COOKIE: The late 60s/early 70s were so wild, weren’t they? All that balling and grass. All those “dirty” Mad Libs games. Not to mention the rampant witchcraft so prevalent among naughty housewives! I mean, I get it. I really do. The original title of this Romero flick was Hungry Wives — and boy are they starved! Hungry for youth and kicks and good sex and power and CONTROL. At the same time, deeply disturbed by aging, Catholicism and rampant, raging rape fantasies.
Have things really changed that much?
This flick is visceral and choppy and, yes, some would say painfully obvious and silly. Those people would probably be (mostly) men.

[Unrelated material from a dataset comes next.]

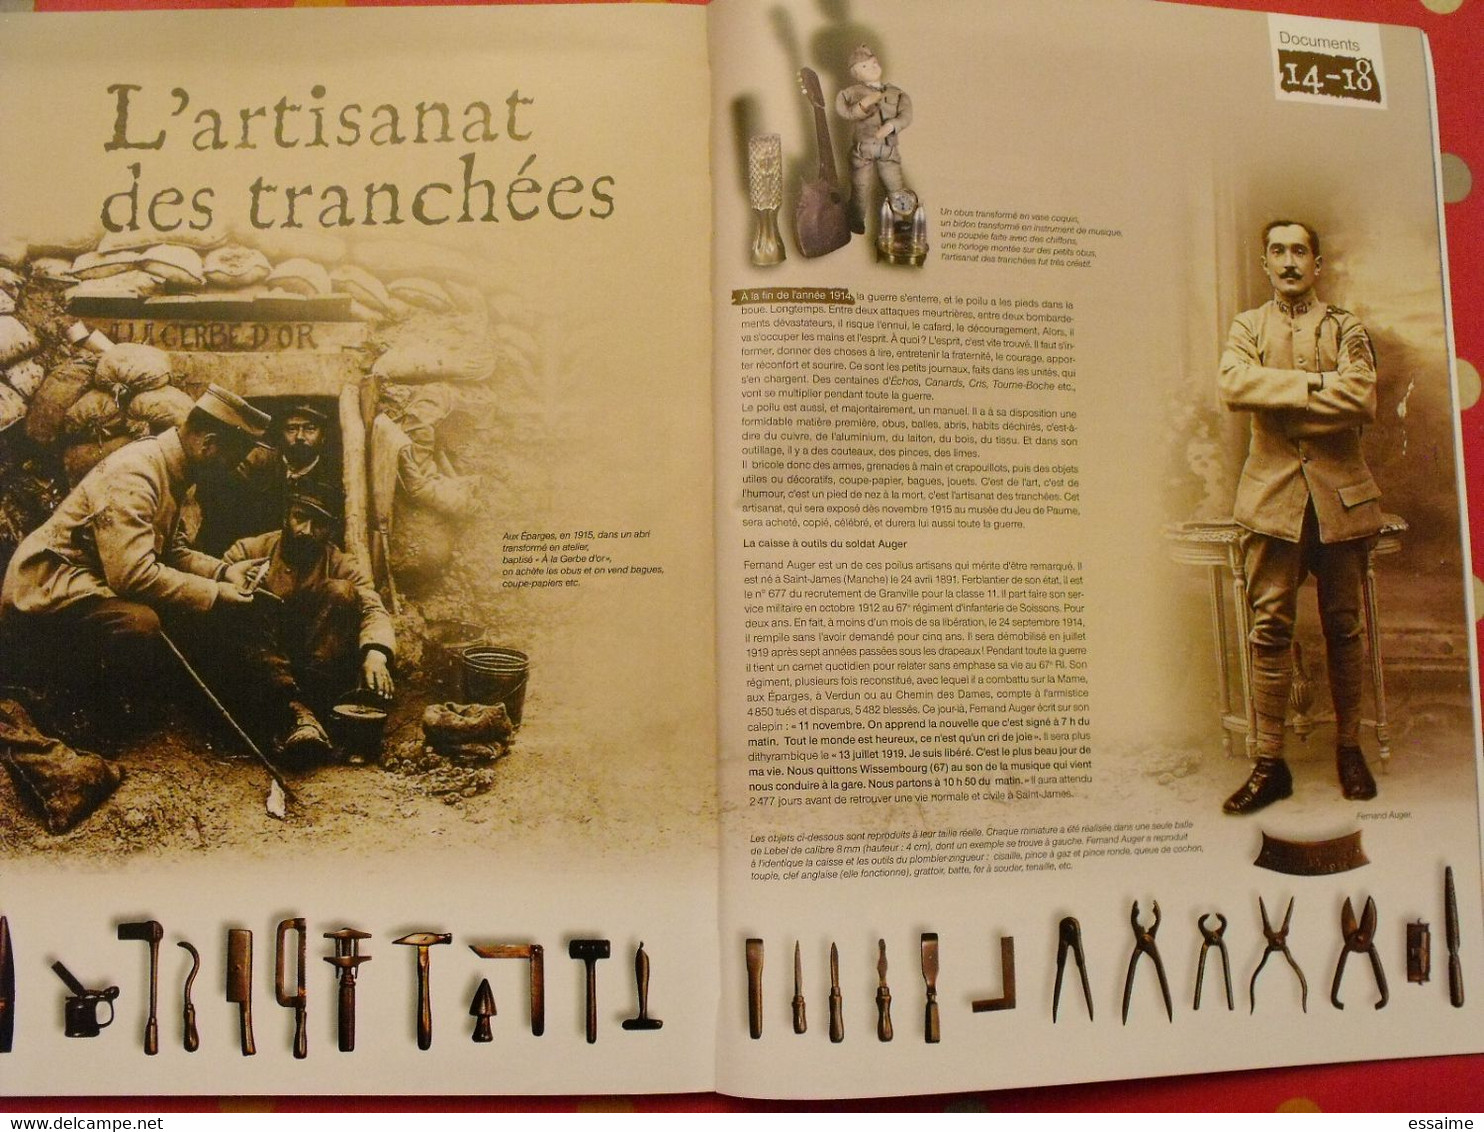 l'ouest dans la grande guerre 14-18. Ouest-France hors série. poilus batailles témoignages documents inédits

Apparently, even Romero wasn’t happy with the end-result.
Joan (played by a rather masculine, sexy Jan White with long, precise fingernails) is a lonely housewife. She’s tormented by nightmares and surrounded by assholes. Like her husband Jack (your typical workaholic brute), her indifferent daughter, and her young egomaniac lover (a cross between Benjamin Braddock and Isaac from Children of the Corn). No wonder this woman is driven to witchcraft and murder!

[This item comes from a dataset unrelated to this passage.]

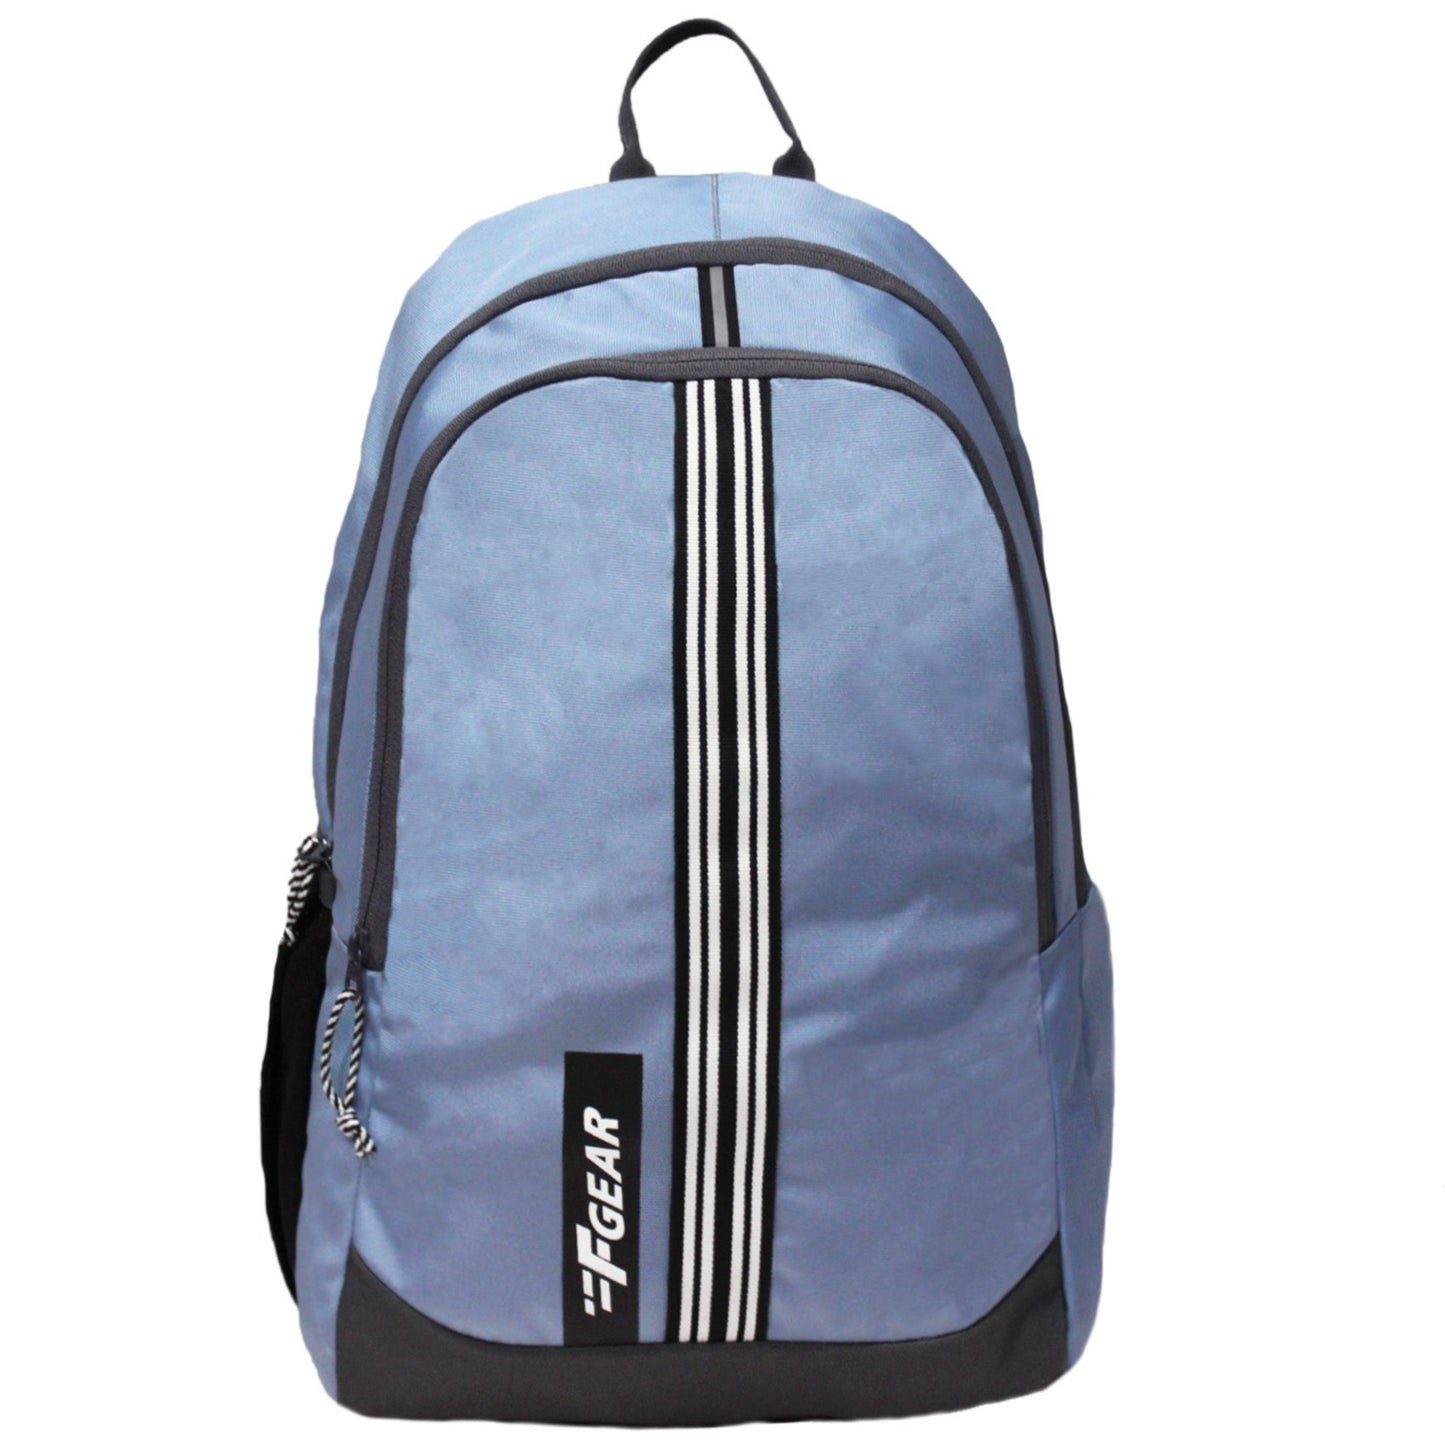 Salient 27L Lavender Backpack

If you were a teen witch in the late 90s, you’ll dig this movie. The big event then, of course, was when The Craft hit theatres. A movie so influential it bred an entire generation of young aspiring Wiccans. Witchcraft books flew off the library shelves and girls called the corners wearing candy necklaces, waving their fathers’ best steak knives.
Of course, Season of the Witch is more Satanic. It smells of Anton LaVay’s brand of Satanic witch. By 1996, I think the line between witchcraft and Satanism was clearly drawn (Wicca in practice, and Satanism for rocking out Antichrist Superstar-style). Thinking back, I could have done with more powers of persuasion and less herbs and incense. (Especially when that incense accidentally burned down a house. But that’s another story.)
Girls and women will always be drawn to dark arts. Or white arts. “It’s fun. It’s scary. And who gives a shit,” said Nancy Downs (the one we all wanted to be). It quenches the thirst for power. It gives us better things to do on Friday nights than get date-raped or wait for the phone to ring.